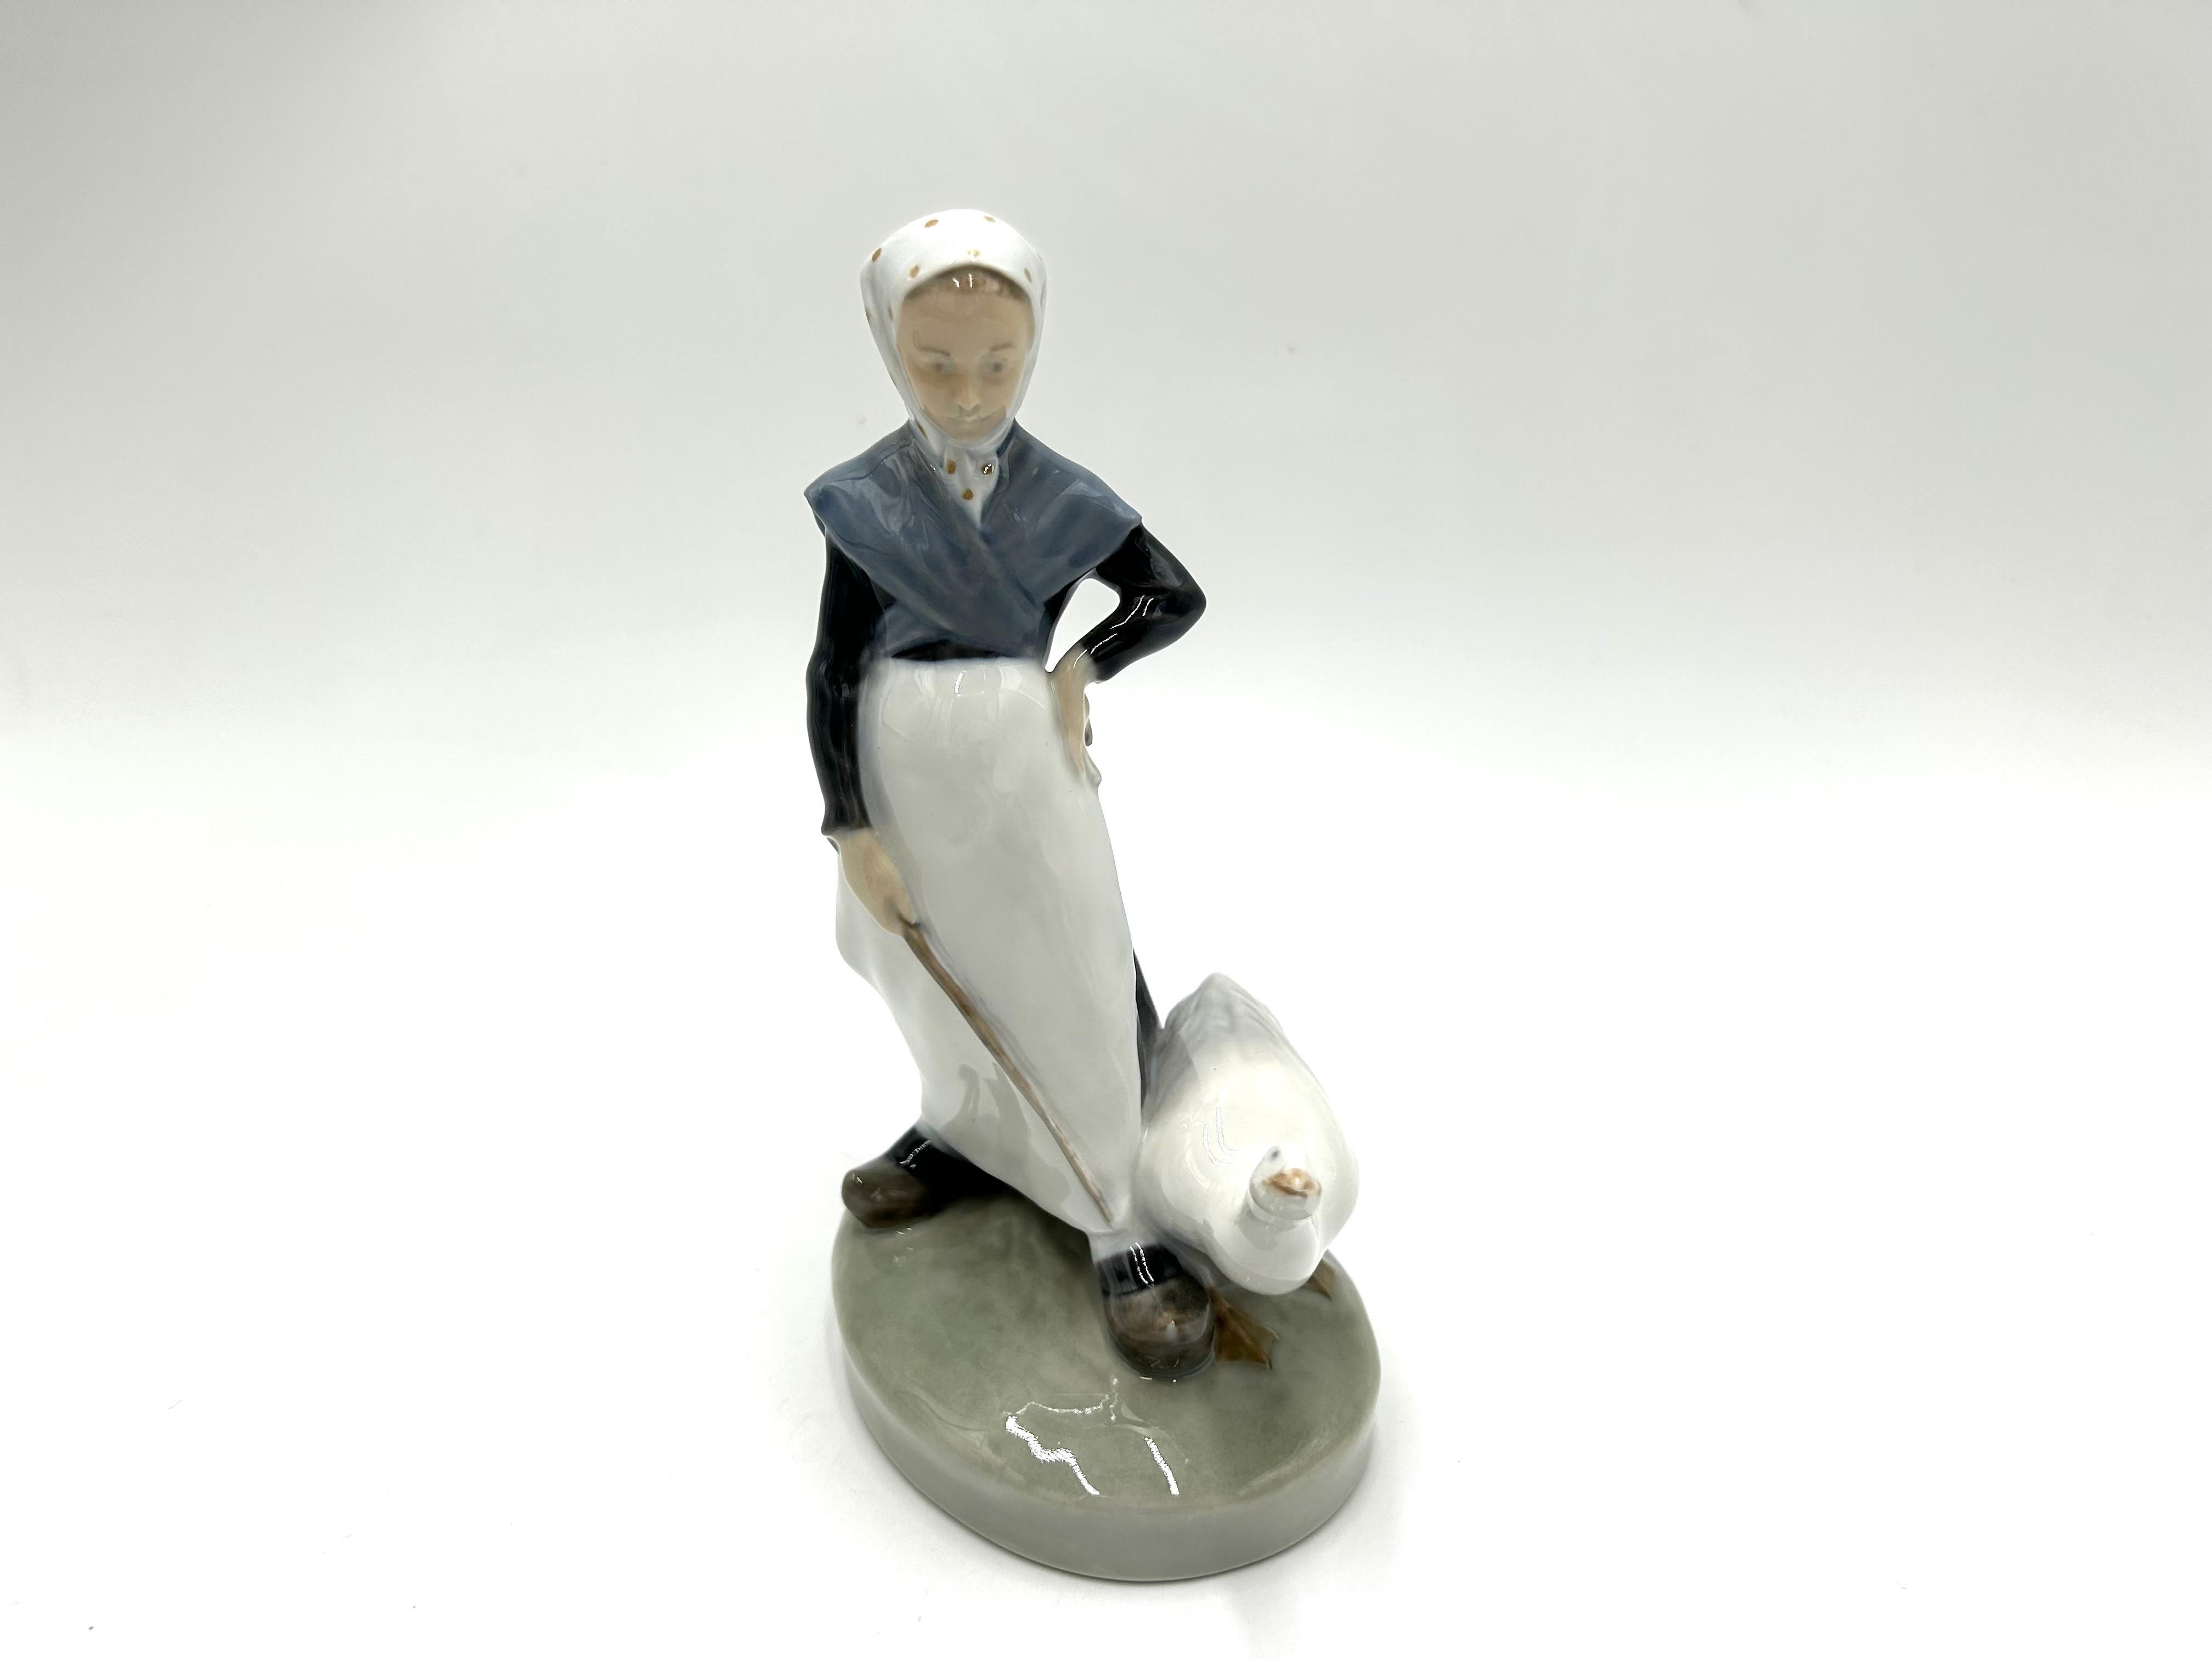 Porcelain figurine of a girl with a goose.
Produced by the Danish manufacture Royal Copenhagen
The mark uses 1961.
Very good condition without damage
Measures : Height: 19cm
Width: 10cm
Depth: 8cm.
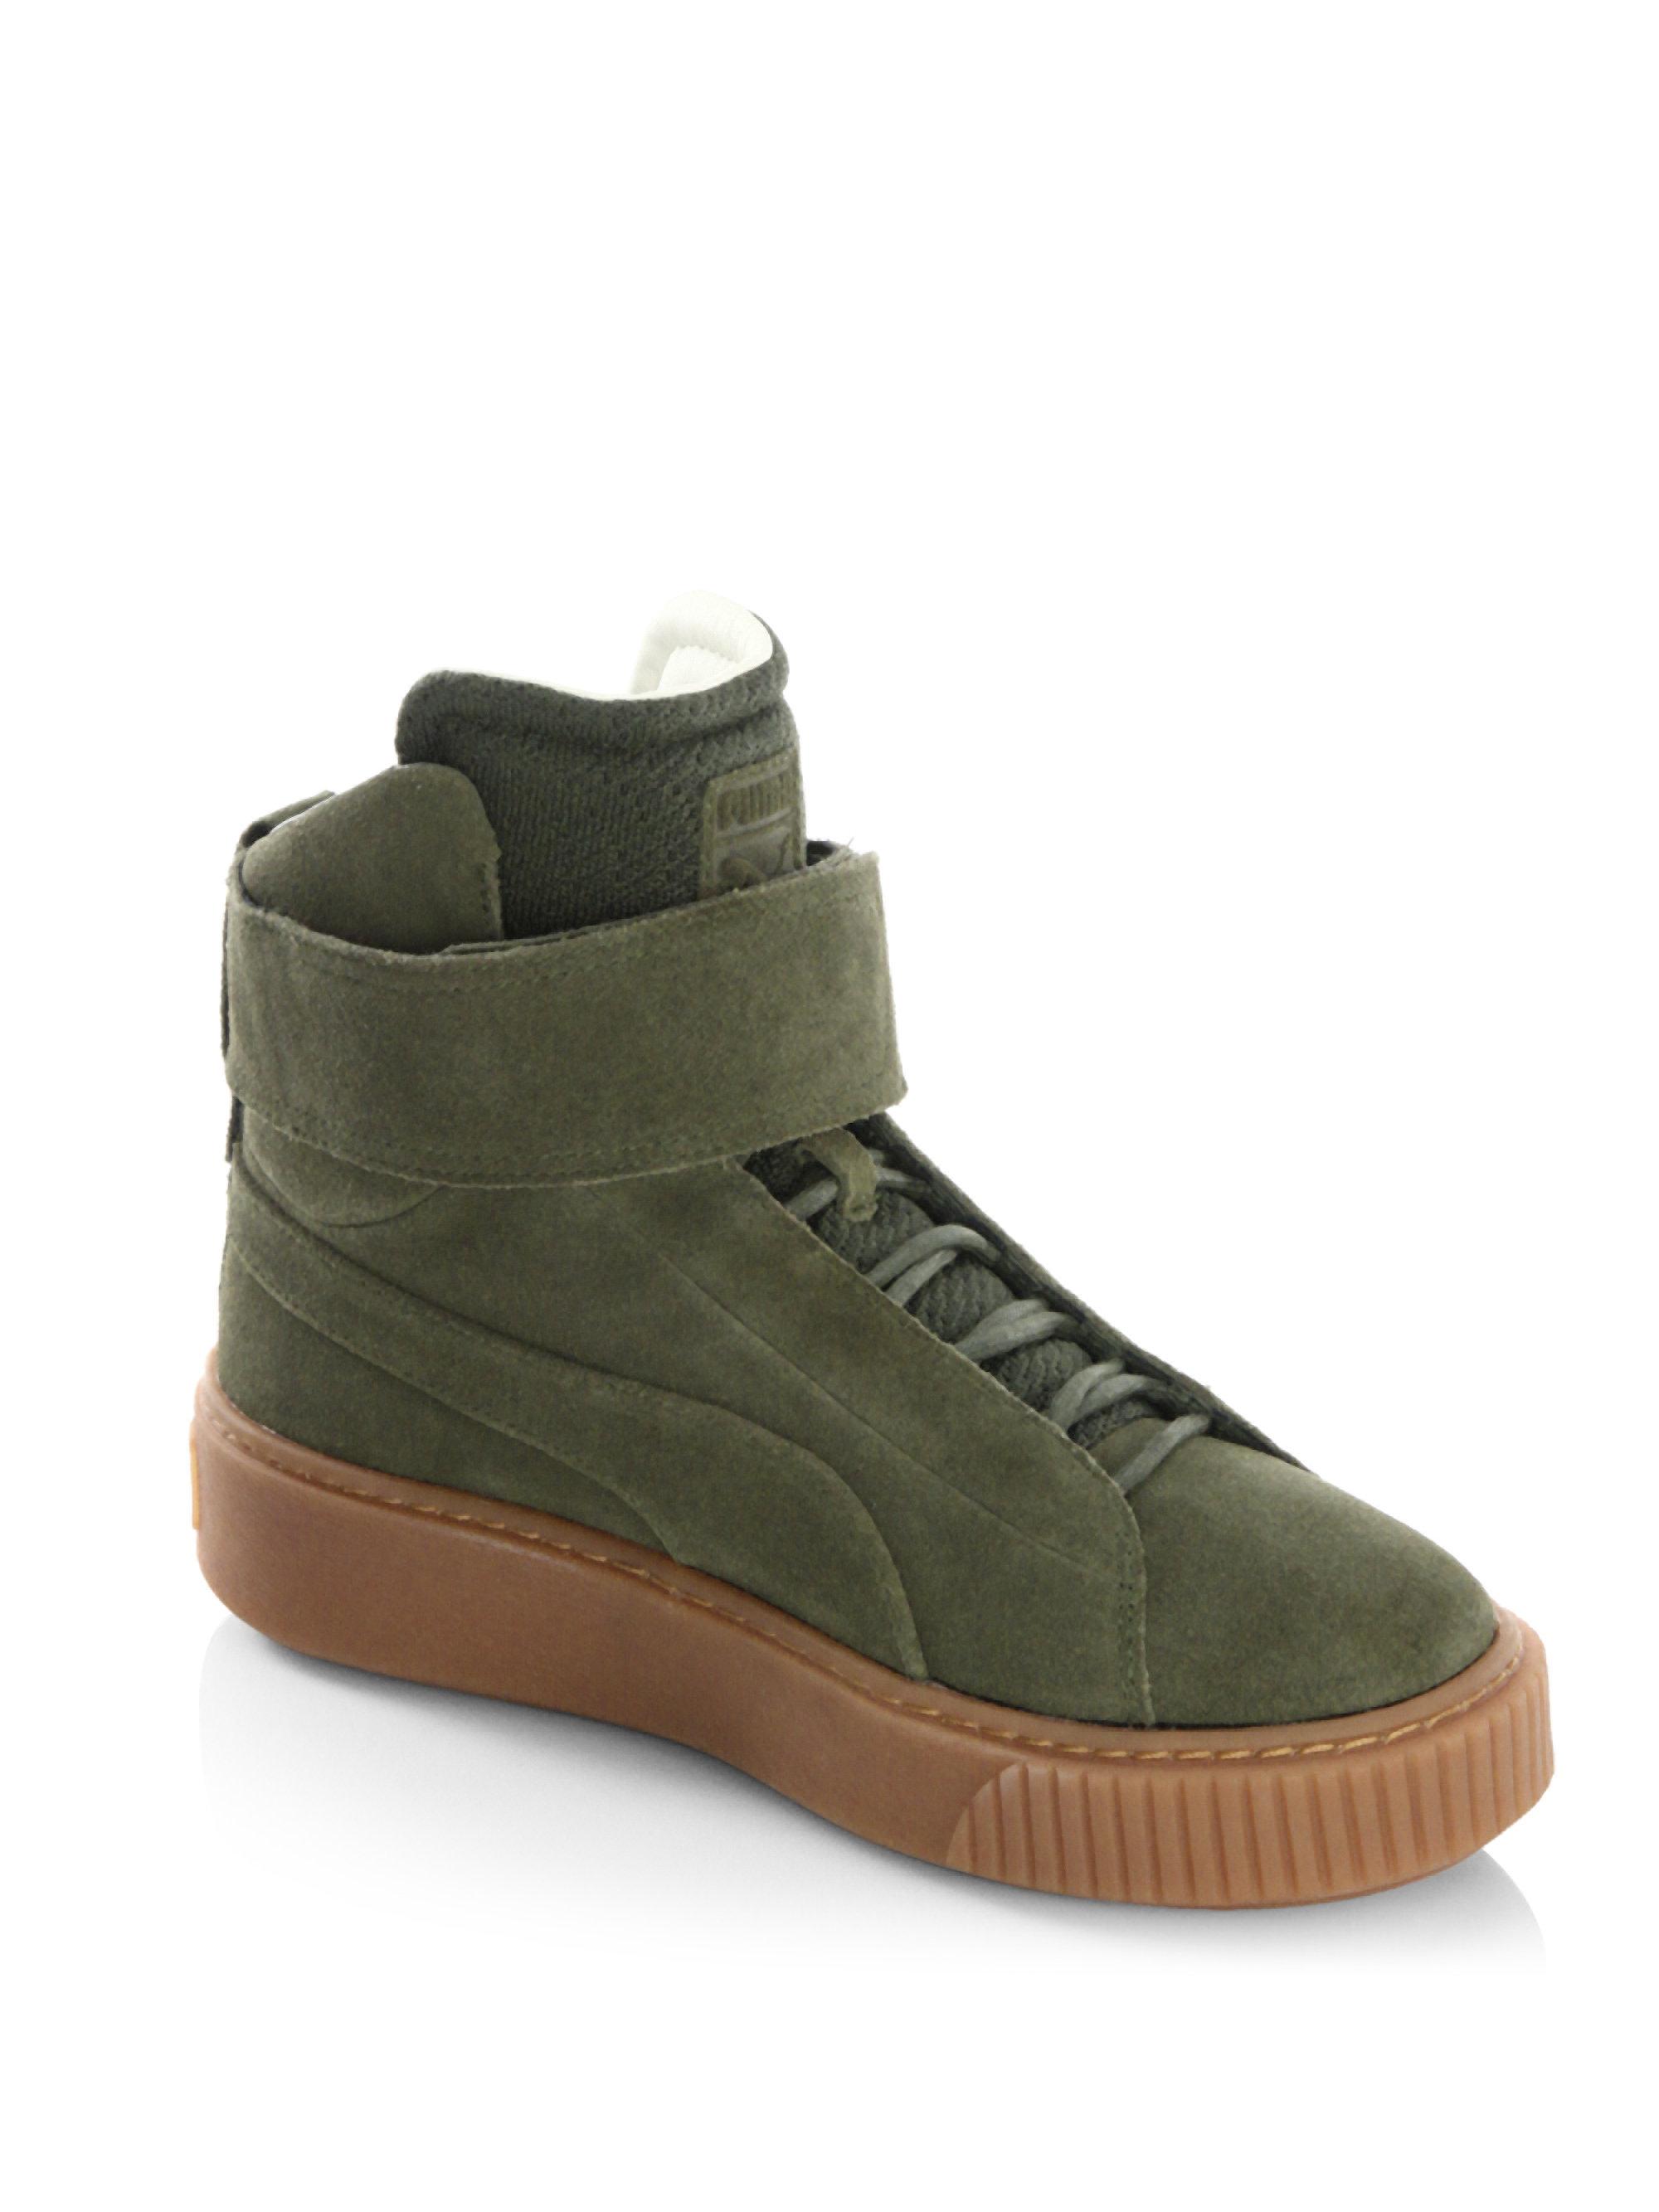 PUMA Suede Mid-top Sneakers in Olive Green (Green) for Men | Lyst

———

[Activity] Without the pictures, print the whole listing exactly as given.

[Written response]
 Porcelain figurine of a girl with a goose.
Produced by the Danish manufacture Royal Copenhagen
The mark uses 1961.
Very good condition without damage
Measures : Height: 19cm
Width: 10cm
Depth: 8cm.
 PUMA Suede Mid-top Sneakers in Olive Green (Green) for Men | Lyst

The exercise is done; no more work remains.